Kiser is a rising senior at Cave Spring High School in Roanoke County. The 17 year old is passionate about photography and has even started her own photography business. 

There's also something else she's passionate about: finding a cure for diabetes.

Kiser wears an insulin pump and pricks her finger eight to ten times a day.  "It's caused callouses over all of my fingers so I can't feel them very well on the tips where I prick them," Kiser said.

"Sometimes it slows you down.  You can't go to sleepovers. You can't do what you want. You can't eat what you want," Kiser said as she described what it's like to live with diabetes.

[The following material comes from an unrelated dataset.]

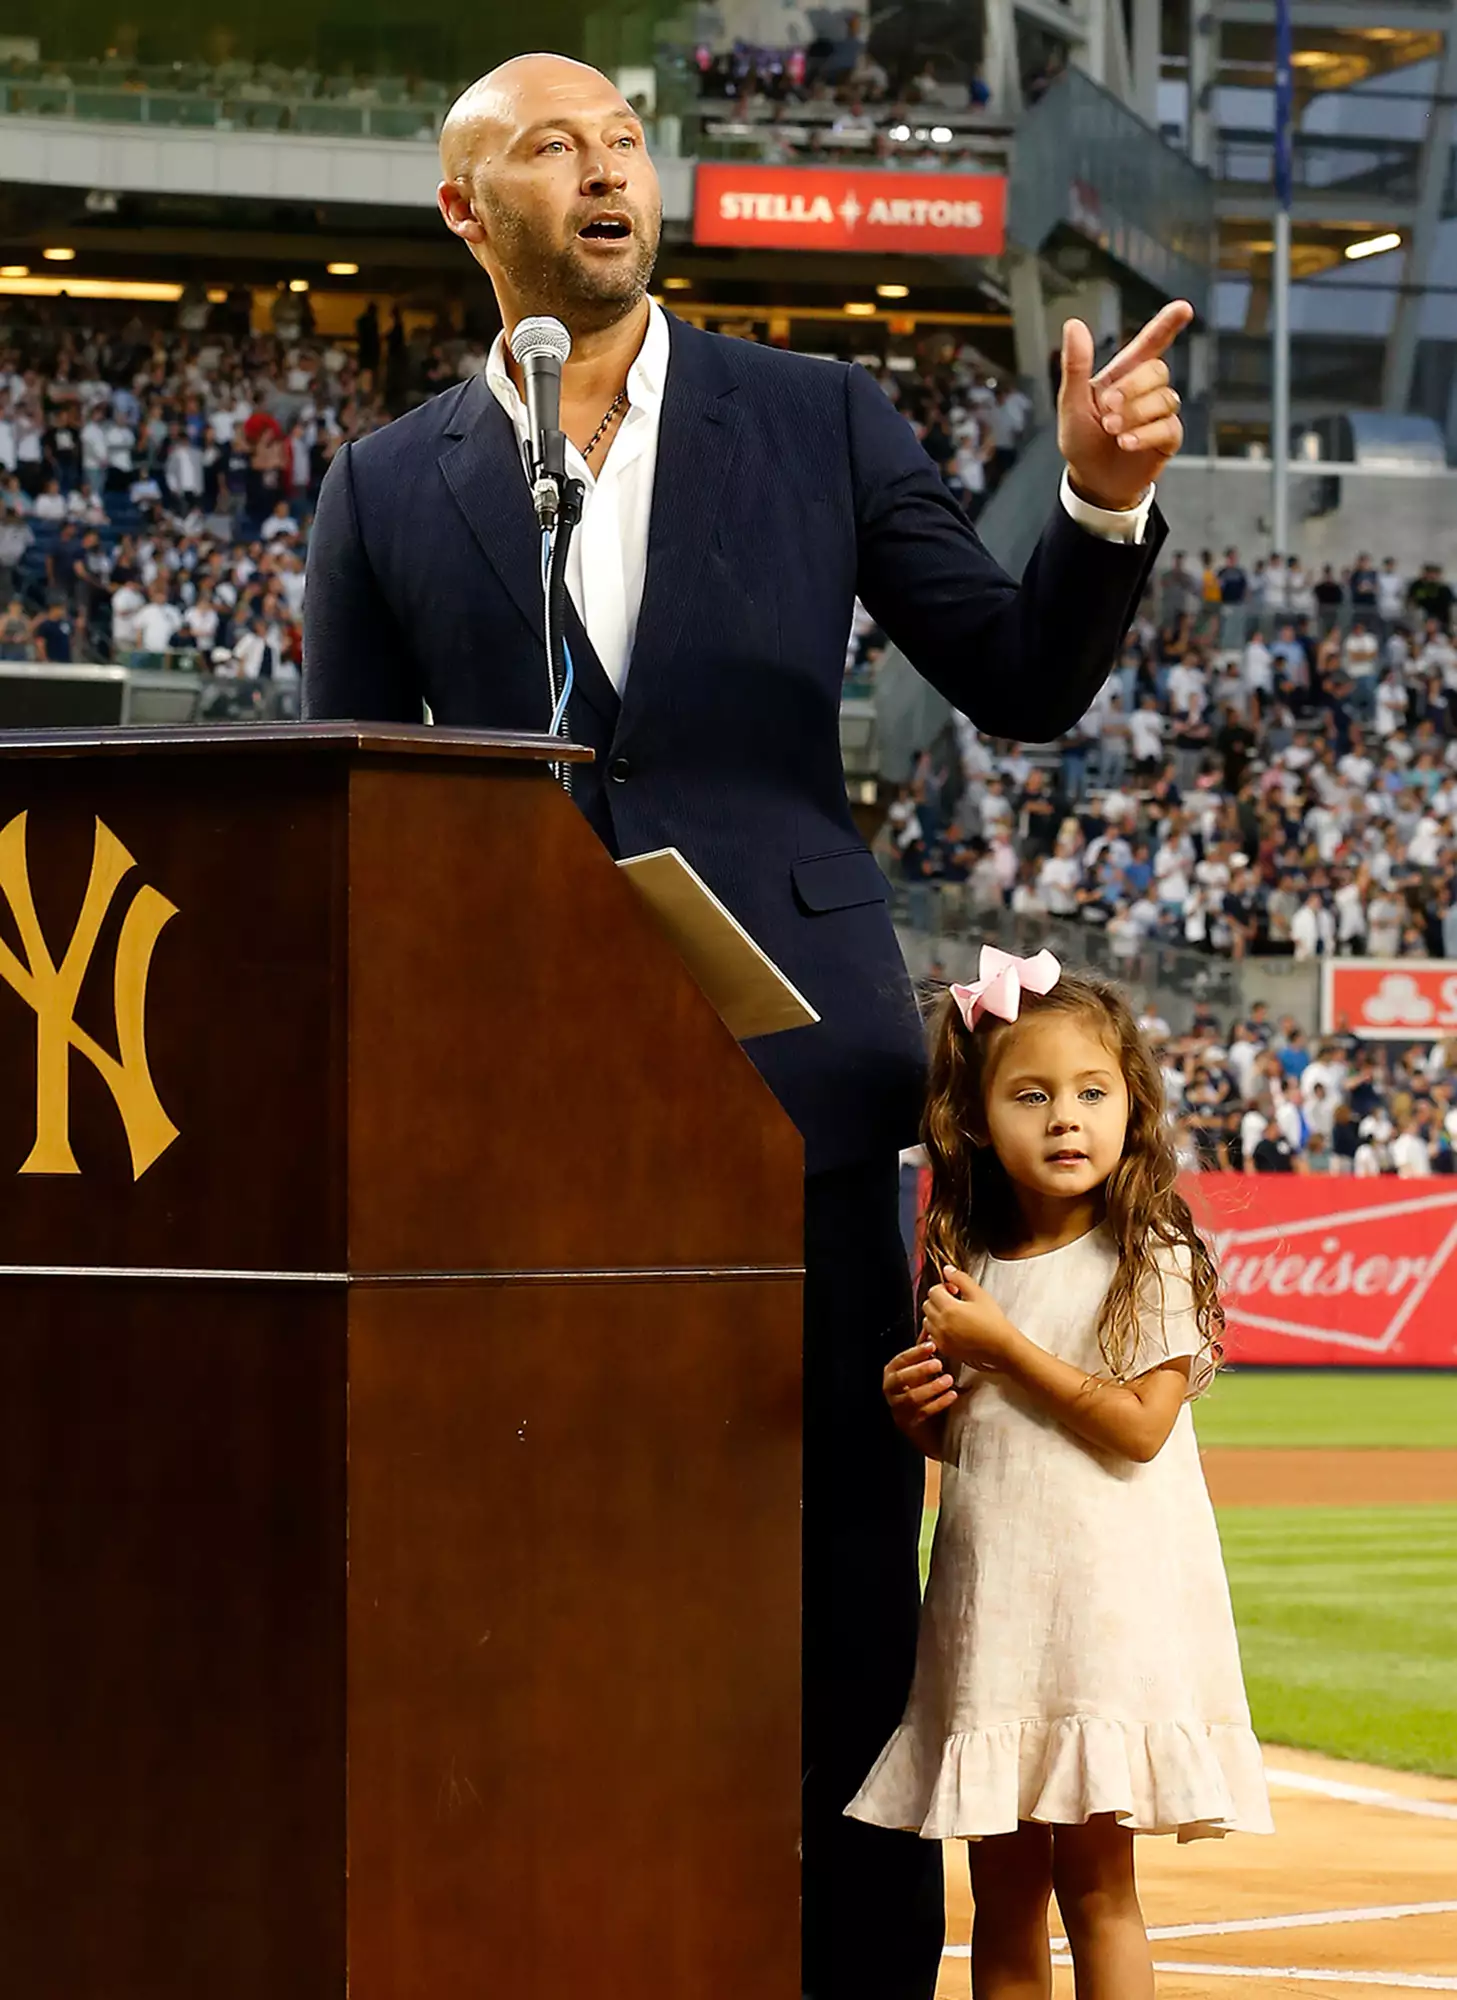 Derek Jeter speaks to the fans alongside his daughter Story as he is honored by the New York Yankees before a game against the Tampa Bay Rays at Yankee Stadium on September 09, 2022 in the Bronx borough of New York City

This high high school junior doesn't let the disease define her though. Instead she helps other children who've just been diagnosed. "I know some people that just got diagnosed. They're having a really hard time," Kiser said. "I've been through it so I can help them keep their anxiousness and nervousness down and just take it a day at a time."


Kiser now has a Web site for her photography business and has committed part of her proceeds to diabetes research.

"I think there will be a cure," Kiser said. "I have no doubt in my mind they'll find one."

Olivia Kiser's Photography Web Site

One of Kiser's photos will be up for auction at the 9th annual Denim and Diamonds Star City Gala Saturday Night at the Shenandoah Club in Roanoke.  The money raised goes to the Juvenile Diabetes Research Foundation.